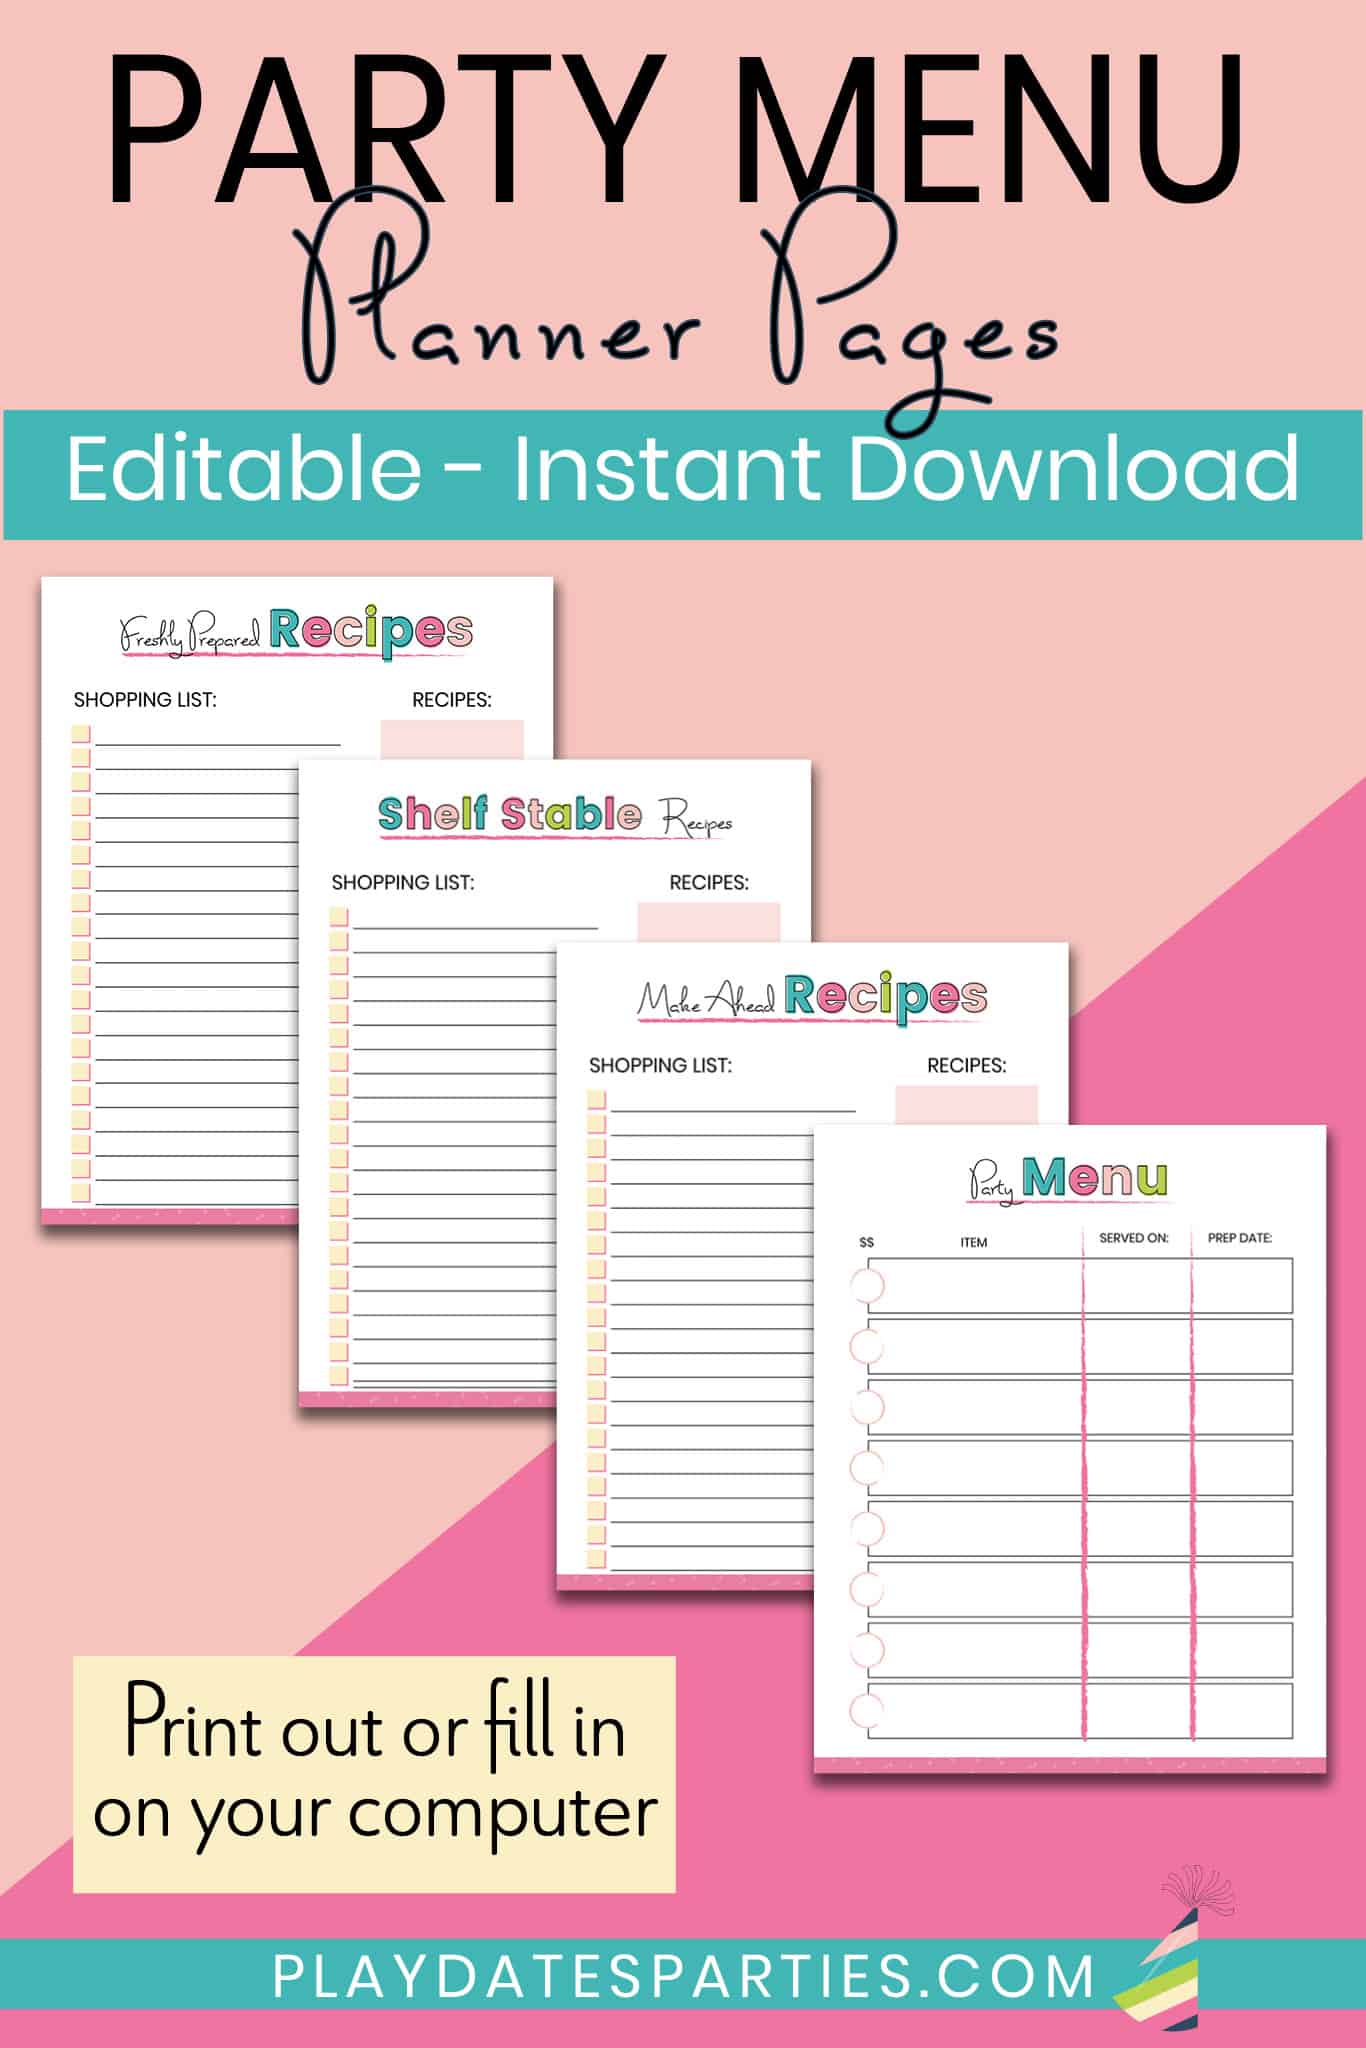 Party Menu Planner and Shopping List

▬▬▬

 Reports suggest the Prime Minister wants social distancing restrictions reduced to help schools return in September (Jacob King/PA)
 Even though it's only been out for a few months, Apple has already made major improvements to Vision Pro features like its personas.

▬▬▬

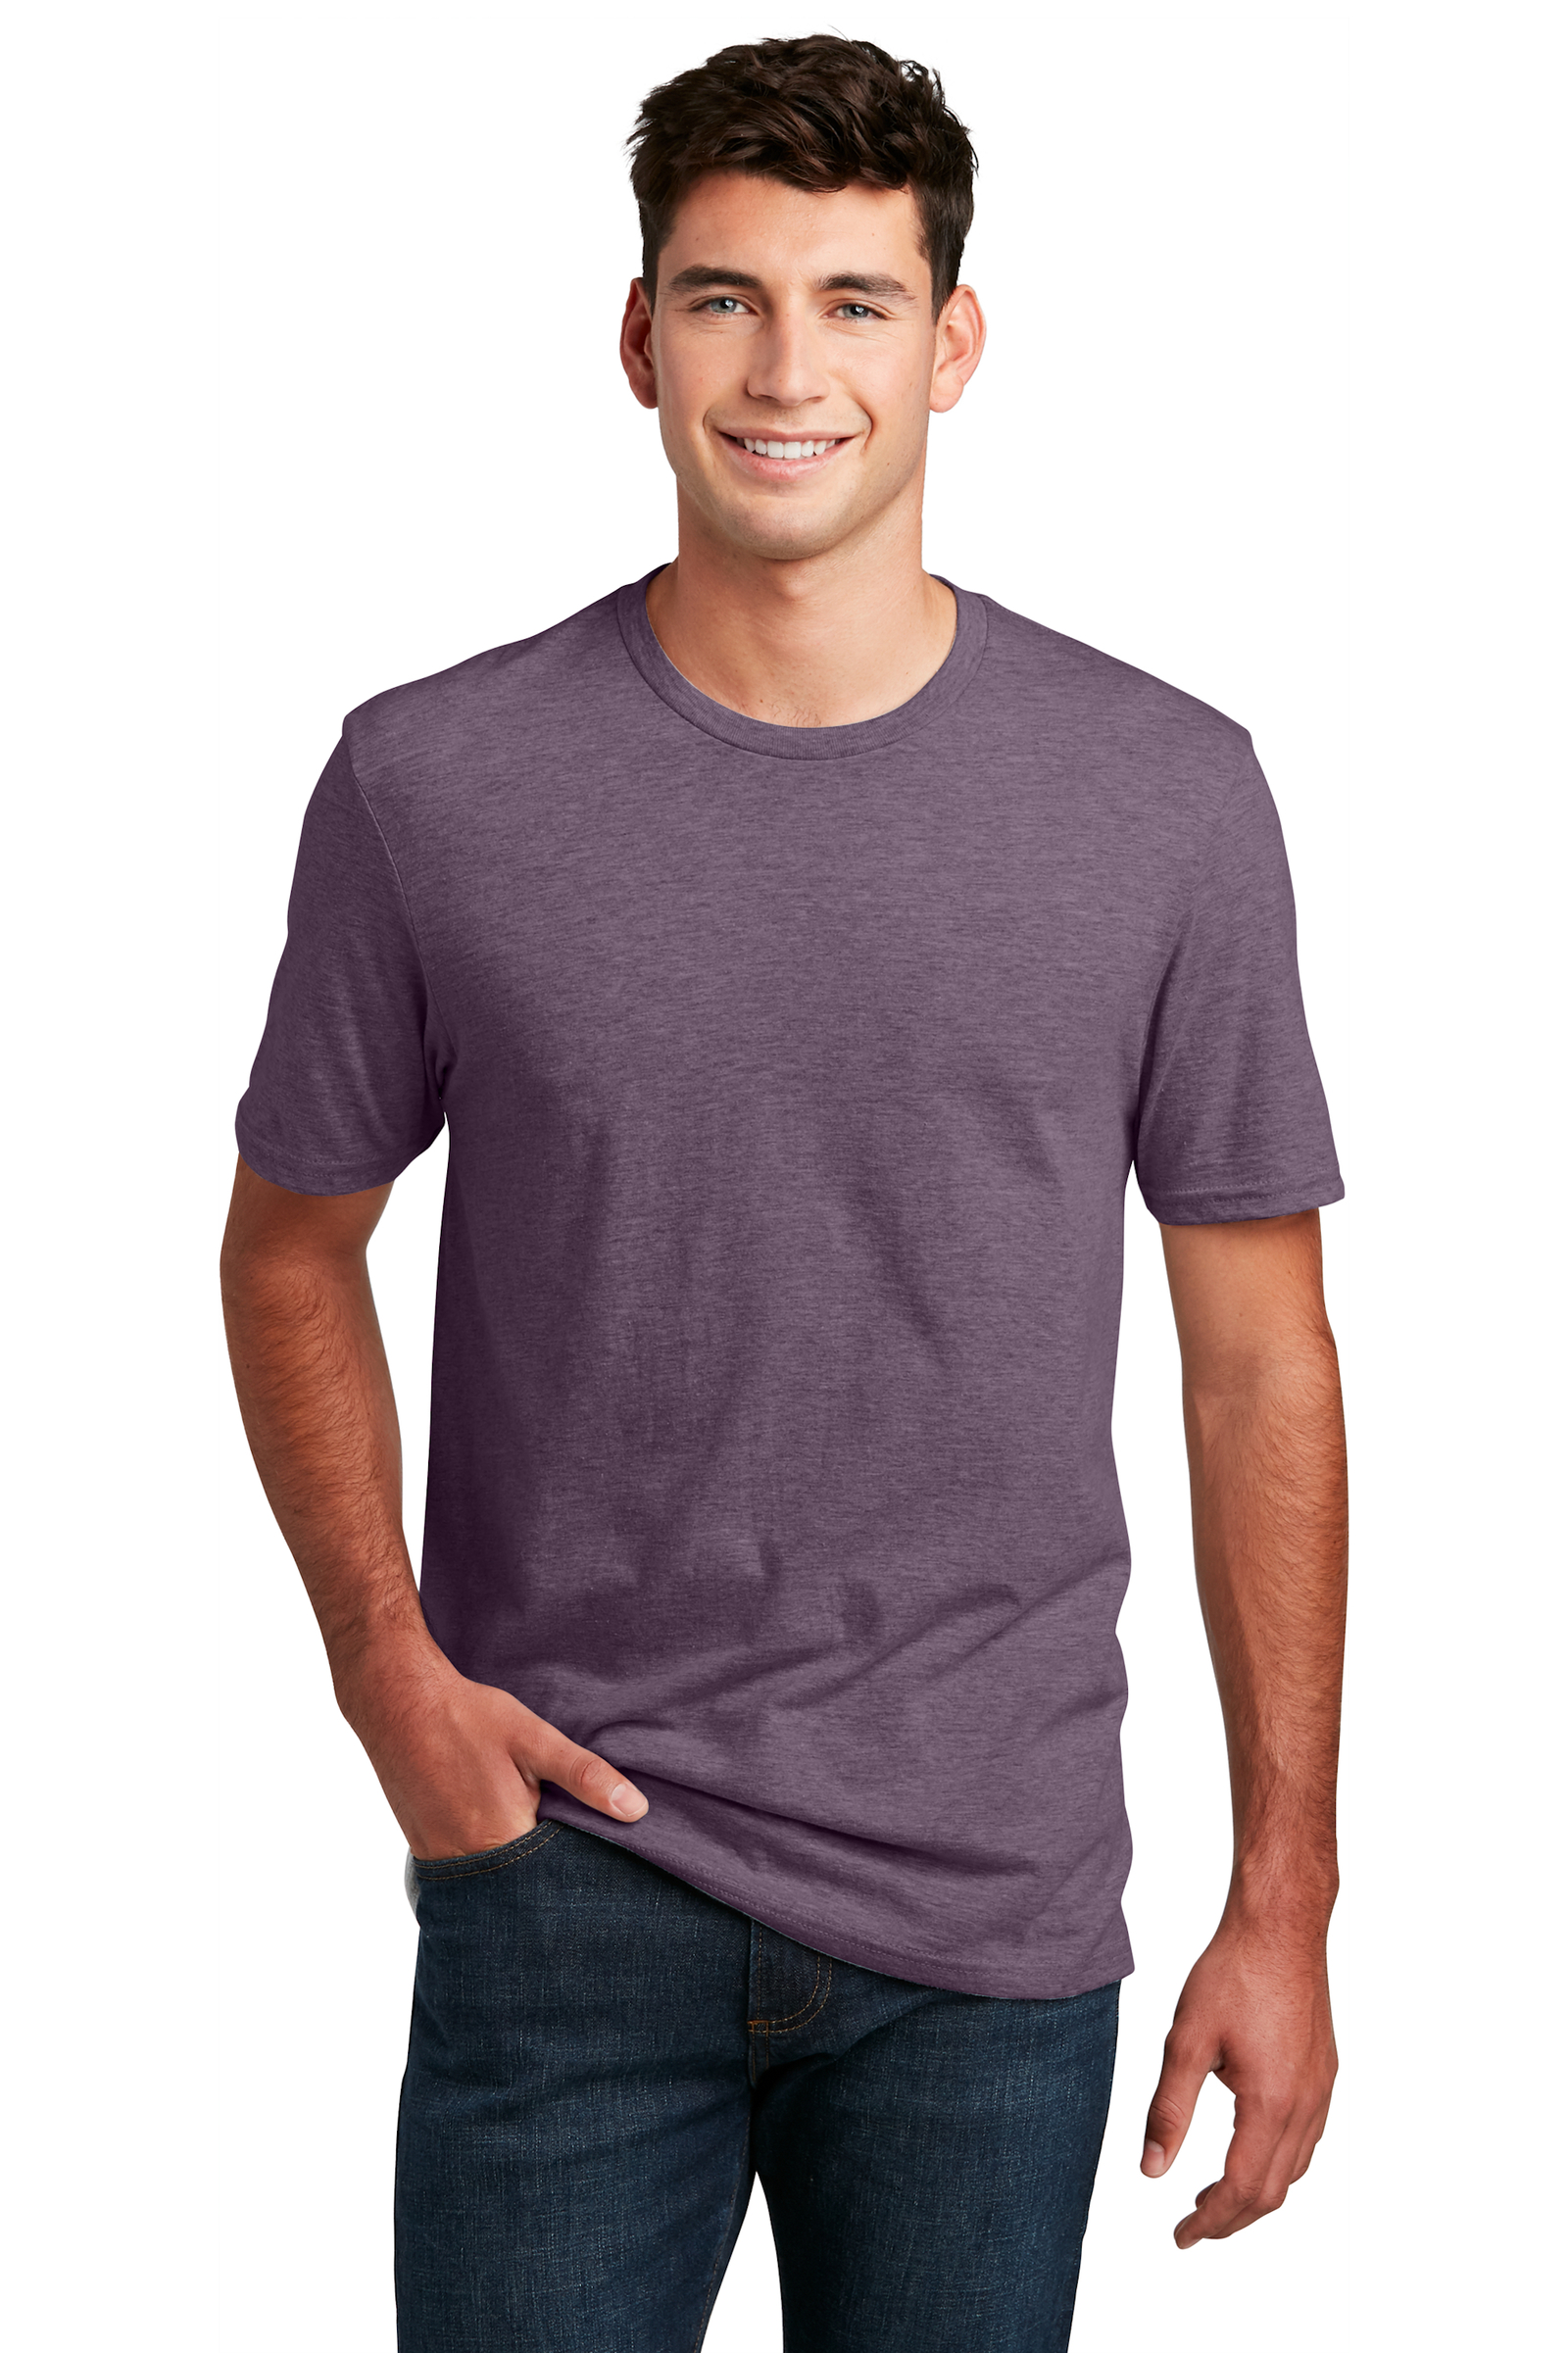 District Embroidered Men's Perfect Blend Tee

▬▬▬

* Instructions for the task *
Of all the entries above, output exactly the lines between the one holding "Reports suggest the" and the one holding "Even though it's", inclusive.

* Answer *
 Reports suggest the Prime Minister wants social distancing restrictions reduced to help schools return in September (Jacob King/PA)
 Even though it's only been out for a few months, Apple has already made major improvements to Vision Pro features like its personas.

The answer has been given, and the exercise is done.